Officials in the Netherlands are actively targeting expats to check that they have private medical insurance, it is claimed.
It is one of the few European Union countries where it is compulsory for all residents to buy private health insurance from an authorised local provider and the Dutch health authorities control price and cover.
But there is still widespread confusion over exemptions. For example, in some instances expats who have an international private medical insurance policy can be exempt.
Unlike some countries, the Dutch are more active when it comes to checking and anyone without cover can be subject to a twice a year spot fine of €350.
Jelf Employee Benefits is warning that expats are being increasingly targeted for official international private medical insurance (PMI) and said there has been a marked increase in on the spot fines in Holland for those without adequate cover.

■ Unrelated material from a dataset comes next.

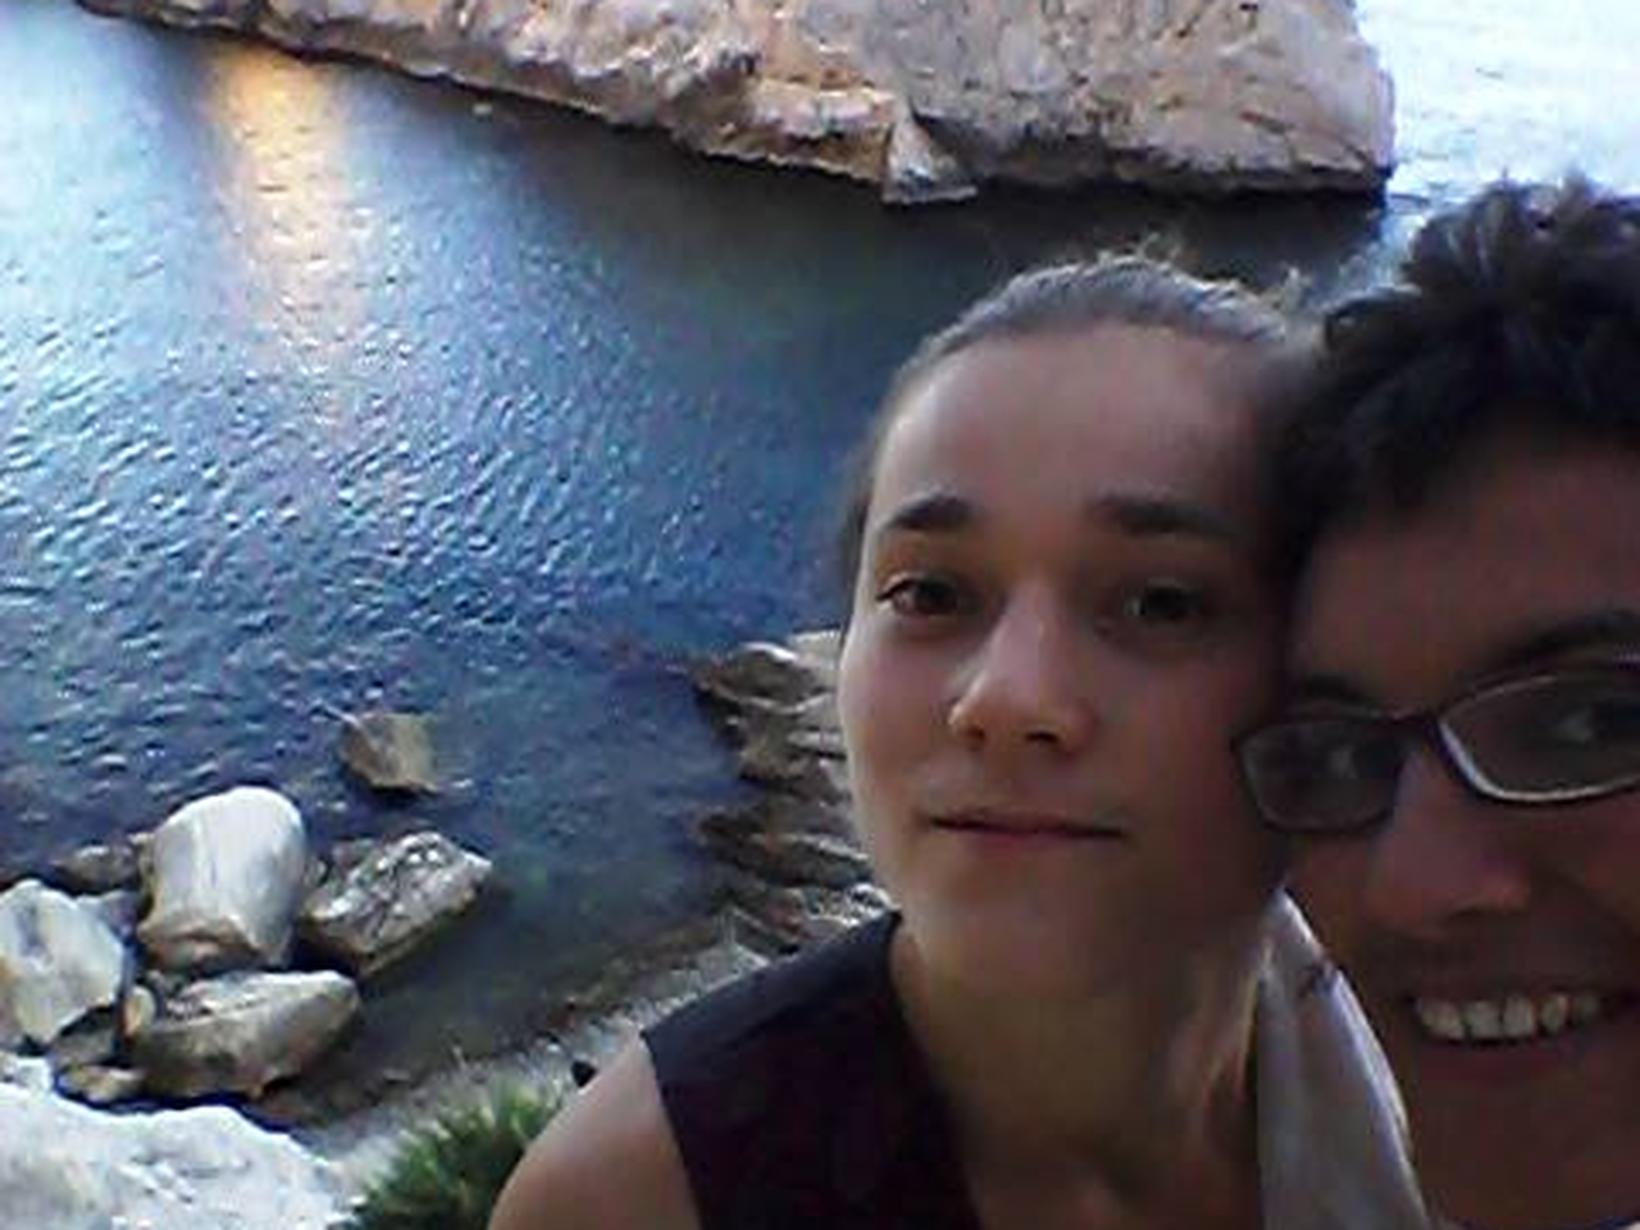 Celeste & Mariia from Barcelona, Spain

The local private health cover must from a provider that is fully recognised by the Dutch health authorities. If the cover is unlicensed or unregulated, the individual is liable for a fine.

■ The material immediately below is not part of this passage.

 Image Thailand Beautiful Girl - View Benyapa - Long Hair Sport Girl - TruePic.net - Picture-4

‘Expats and foreign nationals are particularly targeted by the authorities, and we are urging employers and individuals to take note of this enforcement,’ said Jelf Employee Benefits international healthcare director Sarah Dennis.
‘International healthcare has a completely different set of rules from the UK and this is a further reason why employers must seek advice from an expert. It is much better practice to get the insurance right first time,’ she explained.

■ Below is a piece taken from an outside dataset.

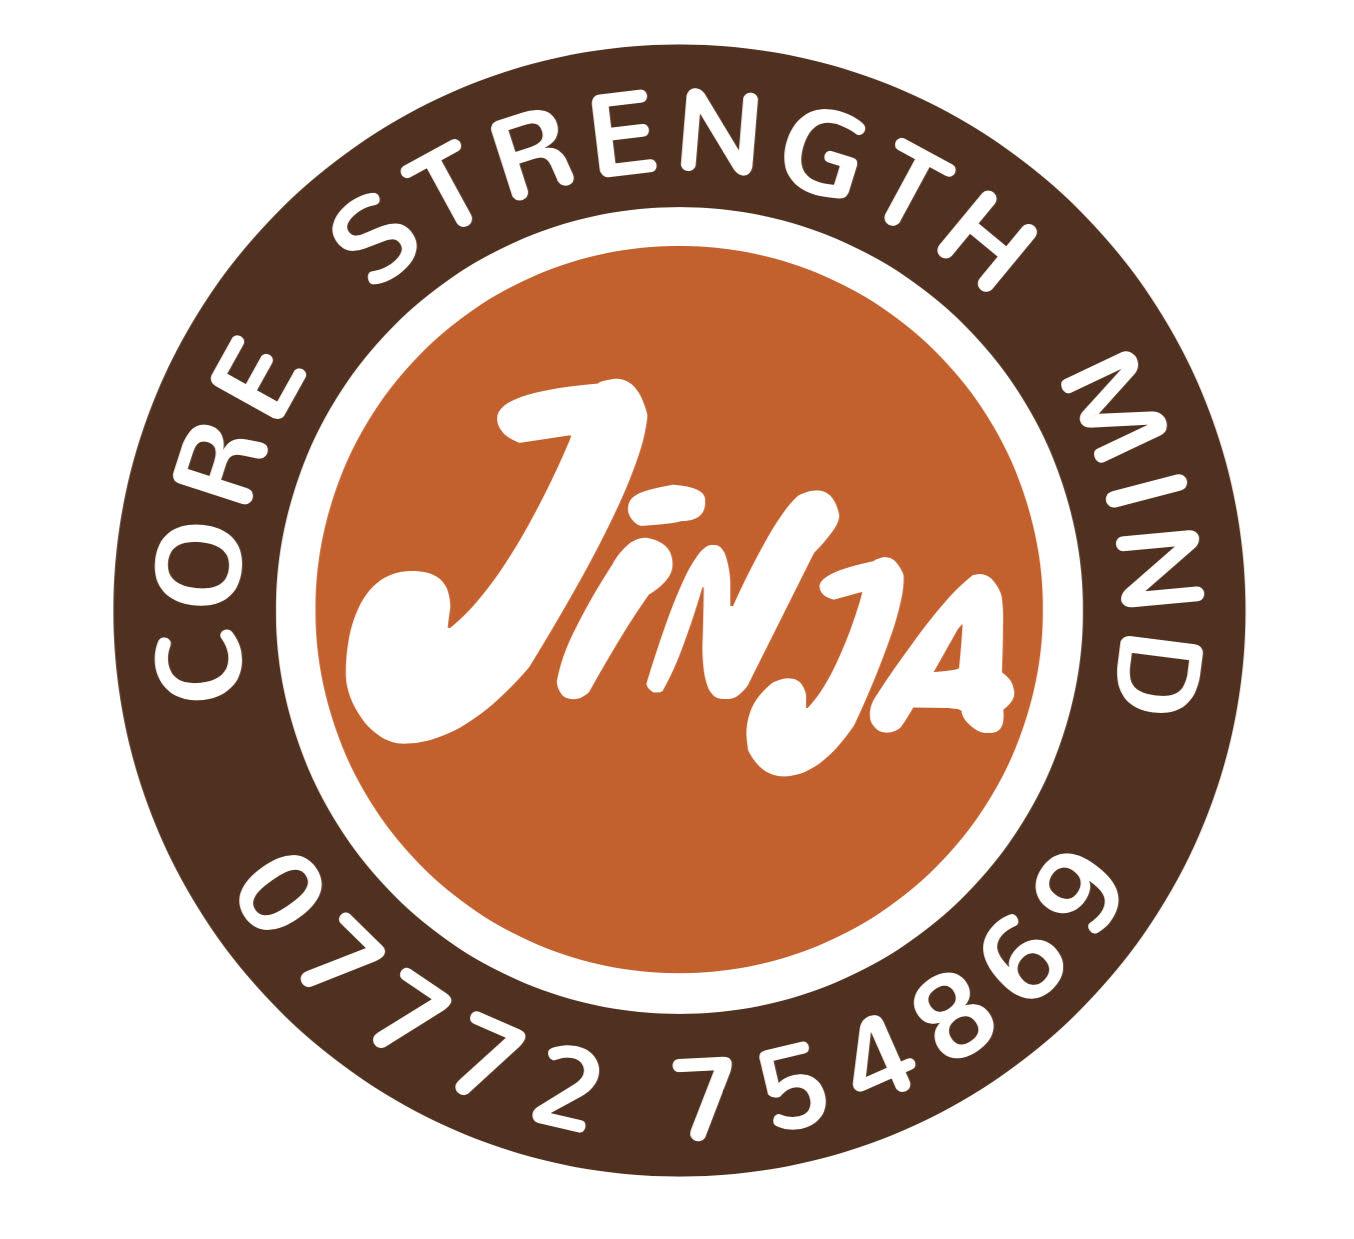 Jinja Body Fitness's logo

Also Dutch health cover will provide local protection, but will not pay for repatriation back to the UK or treatment in the UK.
‘It is much better practice to get the insurance right first time, and specialists in international health cover can advise on specific anomalies for each country,’ added Dennis.
A basic health package costs around €100 a month and covers general medical care including medical specialists, hospital care and GP appointments as well ad dentists for under 18 year olds, prescriptions, ambulance services, pre and post natal care and midwifery. Extra cover is needed for things like extensive dental care and physiotherapy.
Dutch insurance companies are obliged by law to offer the basic package. They cannot deny cover because of gender, age or health reasons. You are not allowed to change your health insurance provider more than once a year.